Just curious if anyone would be at any of the upcoming Conformation shows around Virginia this month or next? I am going to try to go to at least a few of them to watch the standard poodles and get some ideas of breeders closer to VA....plus I love to shop at the dog shows!!!!


----------



## dawns (Jun 29, 2010)

The hampton cluster is this weekend coming up.


----------



## momtymztu (Mar 27, 2012)

I know...I am still considering going as my Aunt lives in that area but I HATE the drive on a holiday weekend...the traffic is usually aweful. It was worth it when I had something to show, but just as a spectator not sure I want to fight it. 

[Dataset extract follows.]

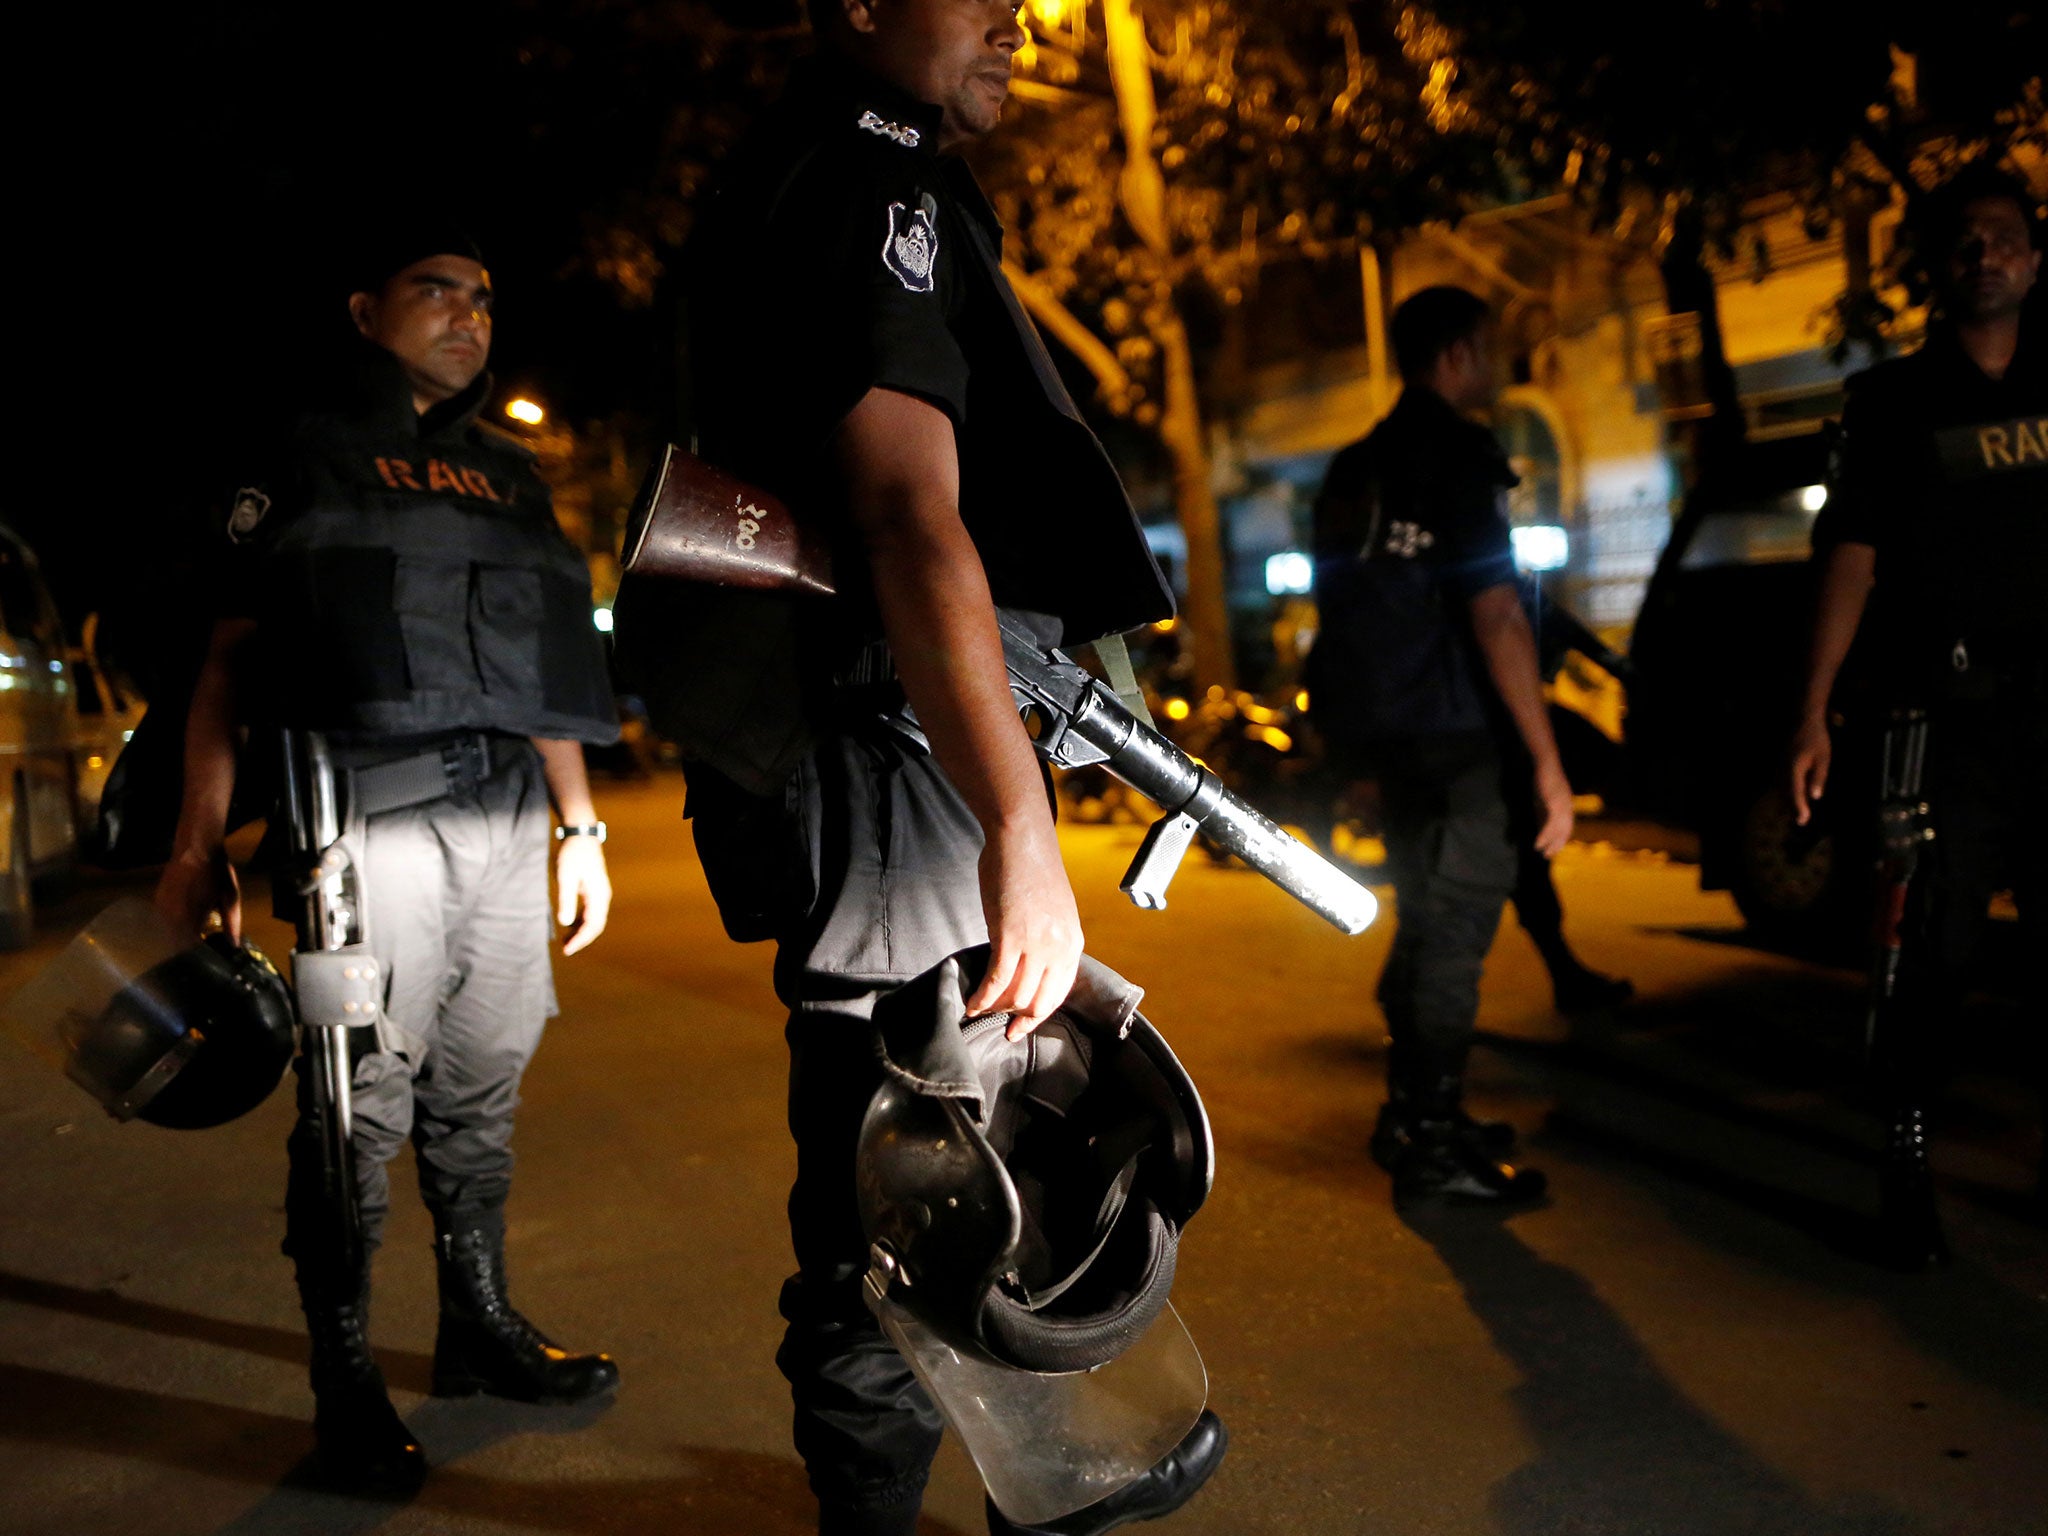 Security personnel keep watch, after gunmen stormed the Holey Artisan restaurant and took hostages, in the Gulshan area of Dhaka, Bangladesh July 2, 2016.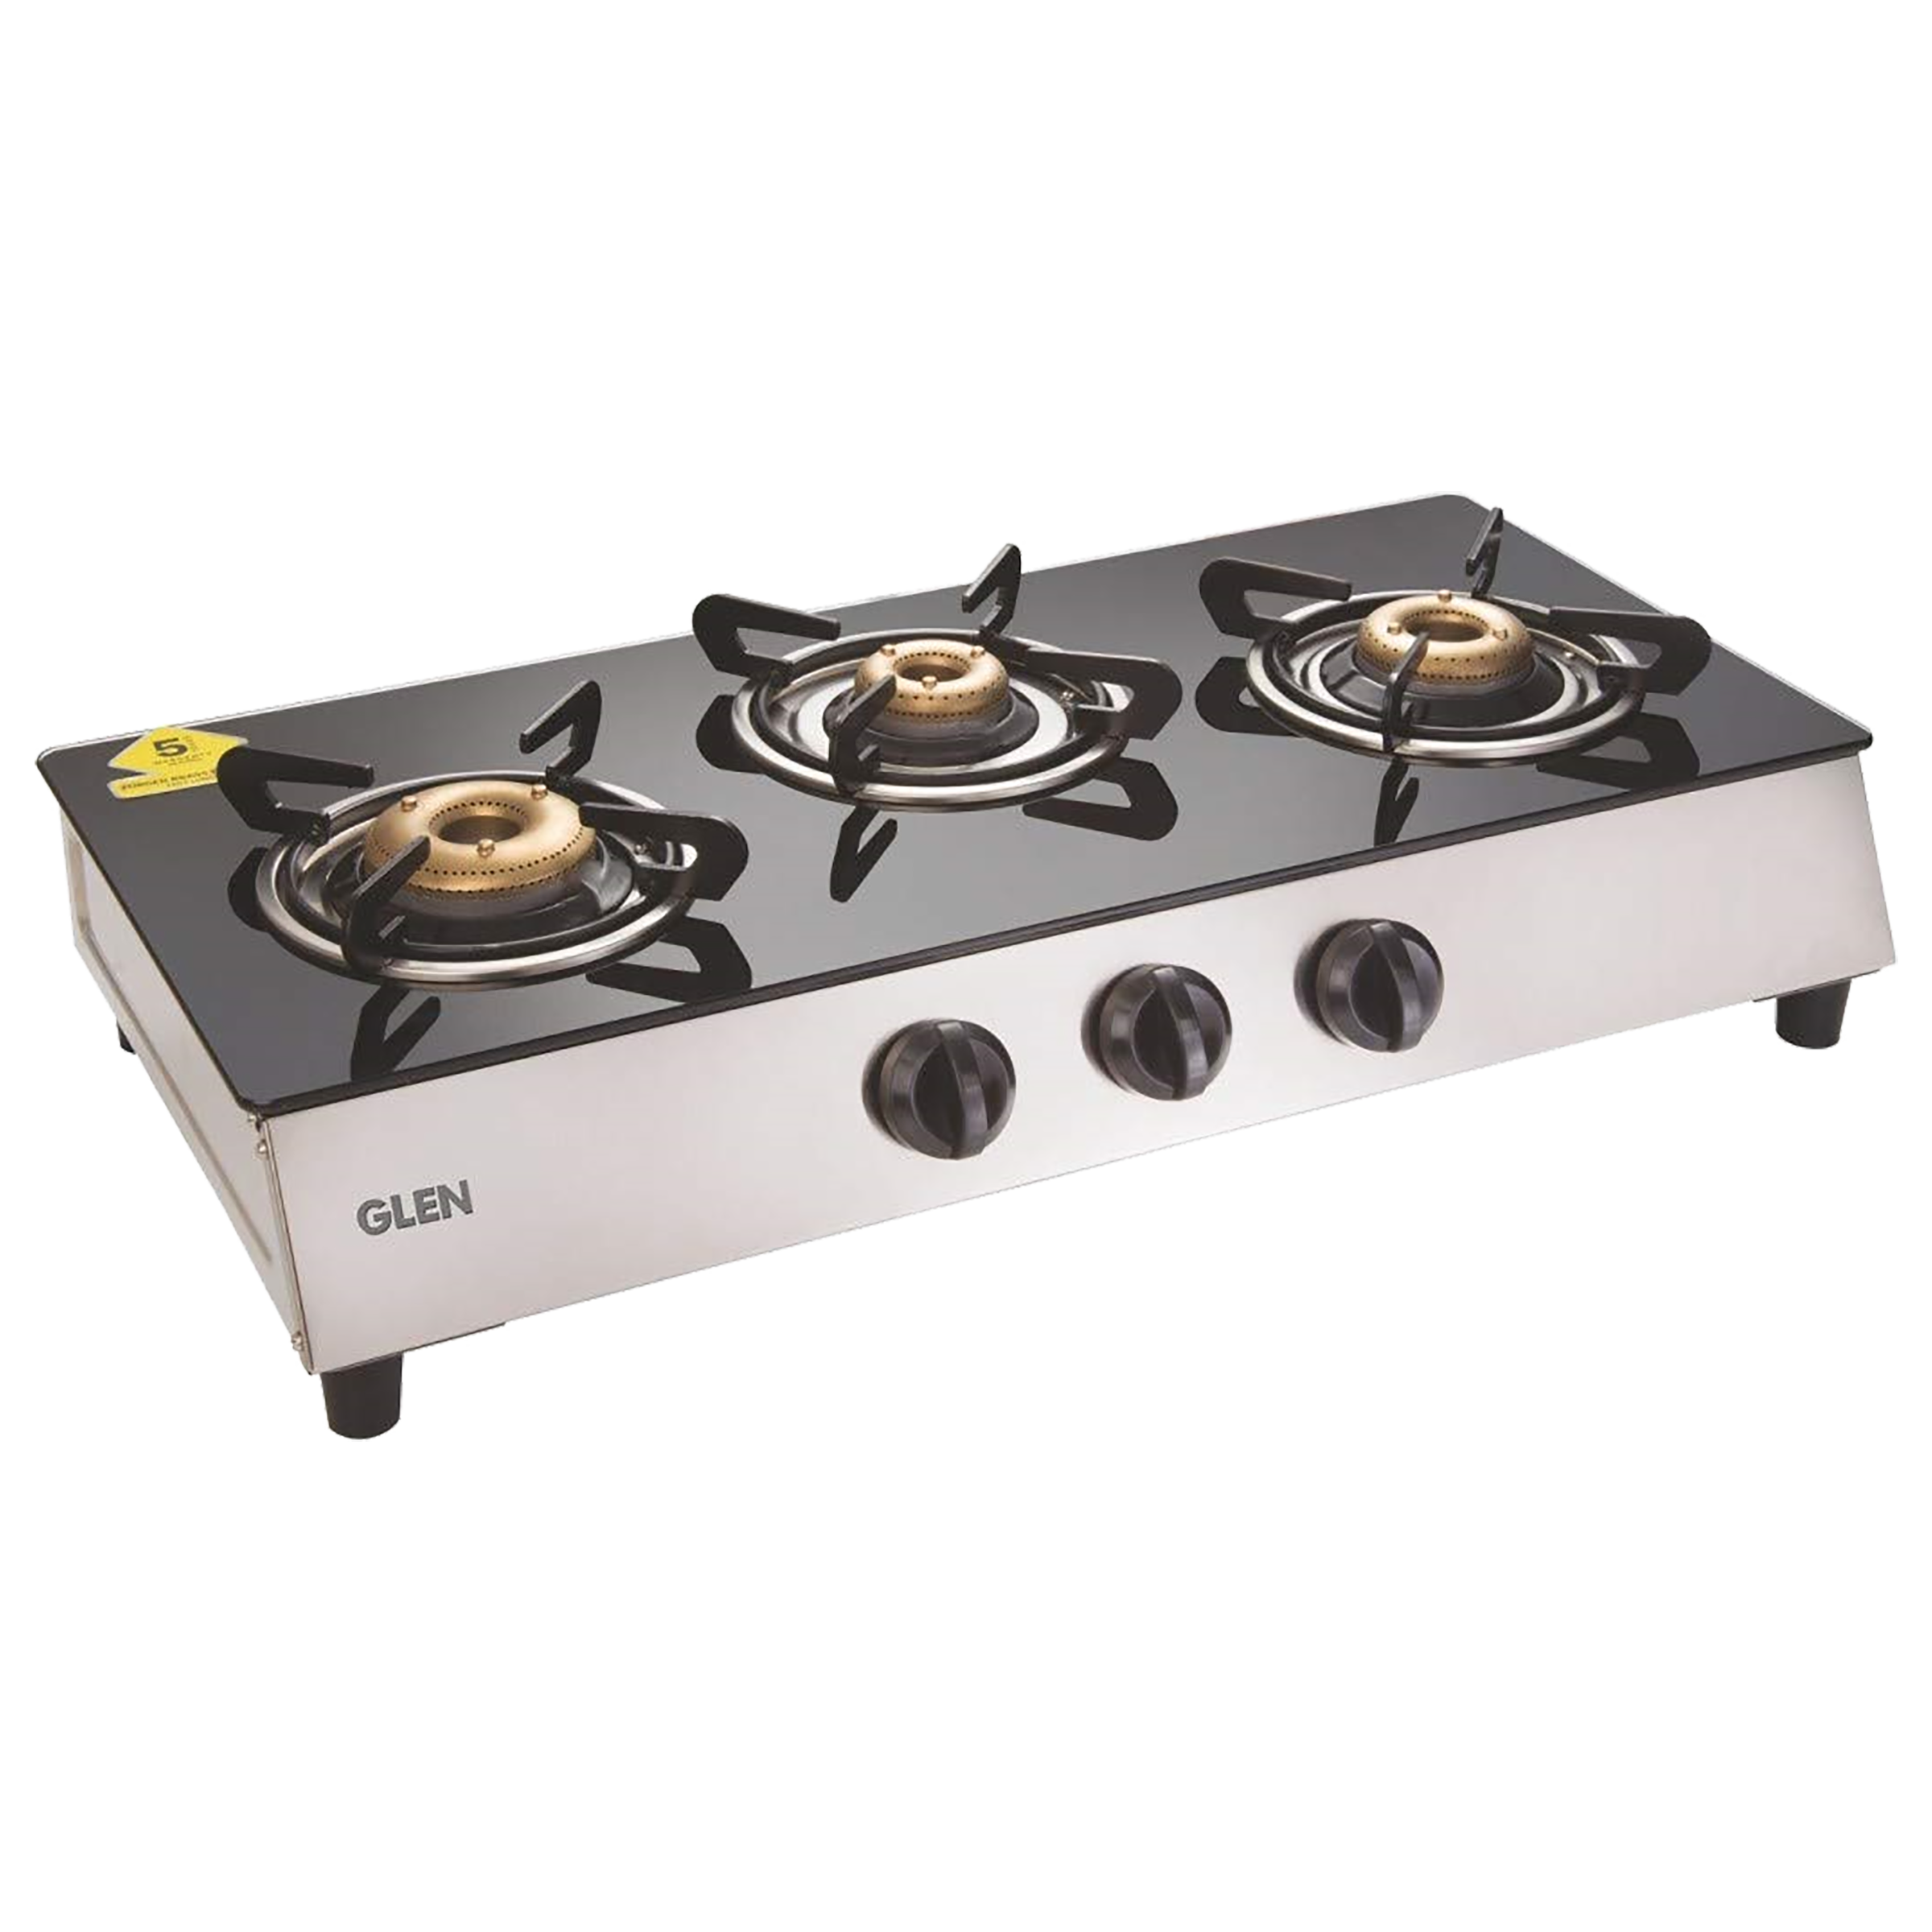 Glen CT1035GT 3 Burner Toughened Glass Top Gas Stove (Sturdy Pan Supports, Black)_1

Looks like a decent number of poodles entered...although I'm not really sure what qualifies as a "large" spoo entry...with Silky's anything over 5 or 6 is a great entry, it wasn't unusual for me to be the only one in the ring.


----------



## dawns (Jun 29, 2010)

momtymztu said:


> I know...I am still considering going as my Aunt lives in that area but I HATE the drive on a holiday weekend...the traffic is usually aweful. It was worth it when I had something to show, but just as a spectator not sure I want to fight it.
> 
> Looks like a decent number of poodles entered...although I'm not really sure what qualifies as a "large" spoo entry...with Silky's anything over 5 or 6 is a great entry, it wasn't unusual for me to be the only one in the ring.


They have great a vendor selection at this show usually so I am seriously considering dealing with it. Plus a friend is showing a pup that is out of a male i bred (Boston terriers) so i think i am kind of obligated to go at least one day :act-up:

Yeah, I have a friend that shows silky's as well and thier entries were always pretty low numbers compared to us in boston's.


----------



## momtymztu (Mar 27, 2012)

Anyone going to the Blue Crab Cluster in Richmond,VA this weekend? Looks like 17 Spoos entered on Saturday alone...


----------